Choudary: I haven’t seen any pipe business that succeeded by attacking the platform head on. Building a clone platform is not going to be a big success either, as strong network effects in two-side markets often lead to the situations where one winner takes all. 

You rather need to build a different set of services that address the same users. If you solve their pain points, your platform will get traction. The data you acquire will help you to grow even further, and one day you will be able to start competing with other platforms. 

So to fight Facebook you don’t create another Facebook but rather Instagram that could one day eat Facebook if it had not bought it. 

Piechota: Before publishers build their platforms, how should they do business with Facebook and others? What criteria could they use to evaluate their recent offers? 

Choudary: Firstly, publishers should check whether they can attract users out of platform to offer them services that will allow monetise the relationship. If these services won’t directly compete with platforms’ business, they should accept that. 

Secondly, publishers need to get access to data on interactions on platforms with their content. Data ownership, terms and conditions of use are very important. 

Thirdly, check the policies of communication with users on the platform. How publishers can engage with them to build stronger relationships? 

Fourthly, publishers need to look forward: What platforms will learn and do with the data on interactions with their content. One day the platform will know enough about the ecosystem to act against it to squeeze more profits. 

Look at Amazon. It invited third-party merchants to its ecosystem, learn about what was selling well and what didn’t, and then started to compete with its own partners.

Again terms and conditions of use of the data — you may predict threats by looking at them.

Piechota: What is the future of platforms? What are their limits? Any vulnerabilities? 

Choudary: I think we will see more regulation. There’s a growing concern in Europe and the world that a few U.S. companies have data about almost every person. Basically, governments cannot stand that somebody knows more about their citizens than they do. So they will set more rules of what platforms can and cannot do with the data, for example whether data on citizens of a particular country should be stored in this very country. 

Another pushback for big U.S. platforms will be the rise of new forms of ownership and governance — platform cooperatives where users, not a corporation, set transparent rules of interactions between producers and consumers. 

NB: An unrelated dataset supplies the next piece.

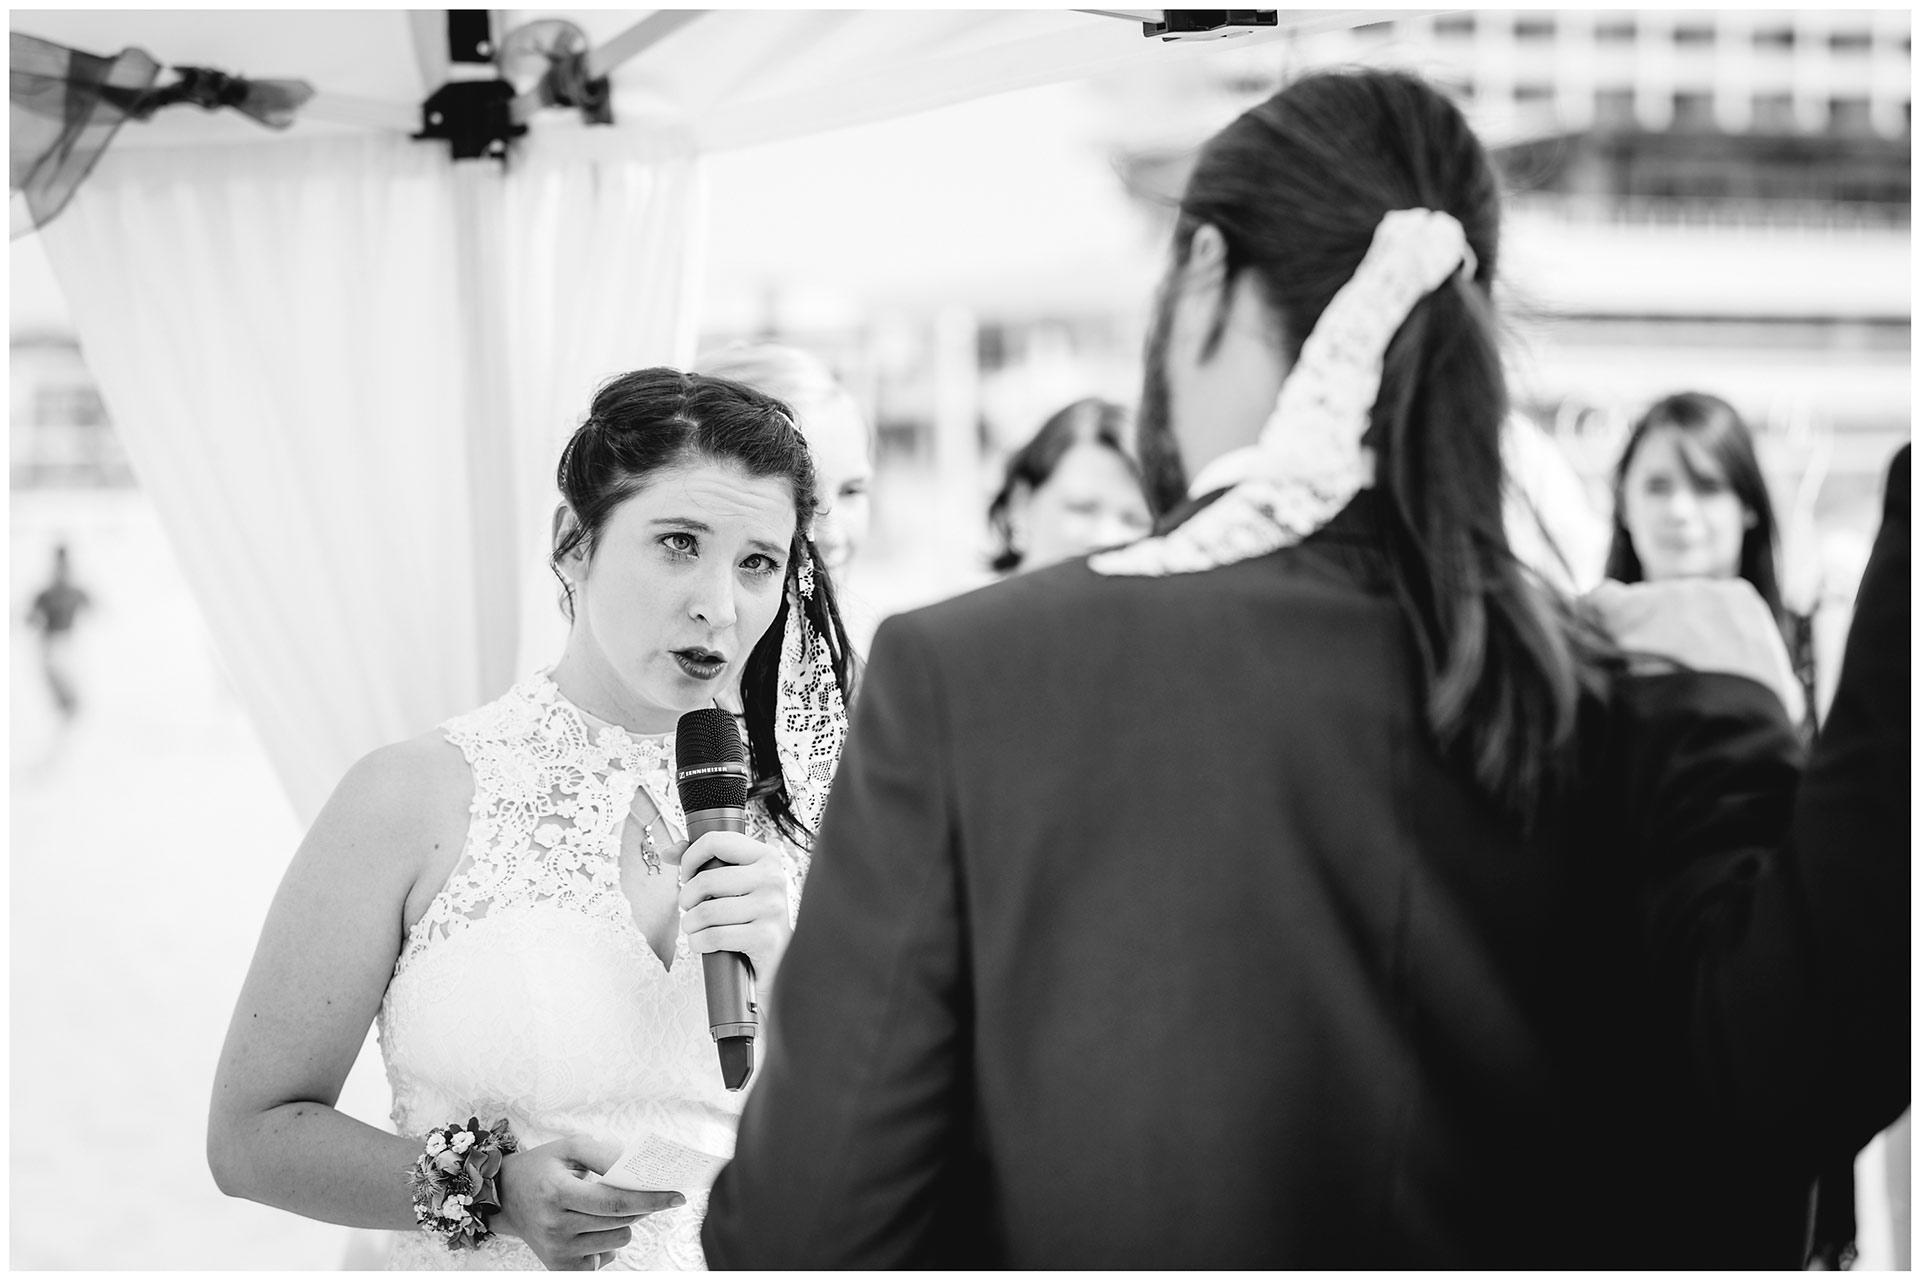 Braut-liest-ihrem-Mann-das-Eheversprechen-vor-Hochzeit-am-Strand-Hochzeitsfotograf-Warnemuende-Hochzeitsfotograf-Rostock-Hochzeitsfotograf-Ostseebad-Warnemuende

Piechota: Cooperatives like in my socialist Poland before 1989? Seriously? 

Choudary: It’s one of the hottest topics among platform scholars right now. Cooperatives could be real alternatives to Ubers or Facebooks of the corporate world. People would regain control over their private data, digital content, work relationships etc. I really think we will see co-operatives getting scale in five-years time.

The business world will also see industries converging around the same data they acquire. Look at traditional health-care providers like Kaiser Permanente and pharmaceutical supermarkets like Walgreens. They basically collect similar data about patients and their treatment. Add Apple and Google to that mix, as they track and build profiles about people’s health. Add Philips with its suite of devices for both consumers and healthcare companies.

Sooner or later they will all compete each other building services upon the data they have.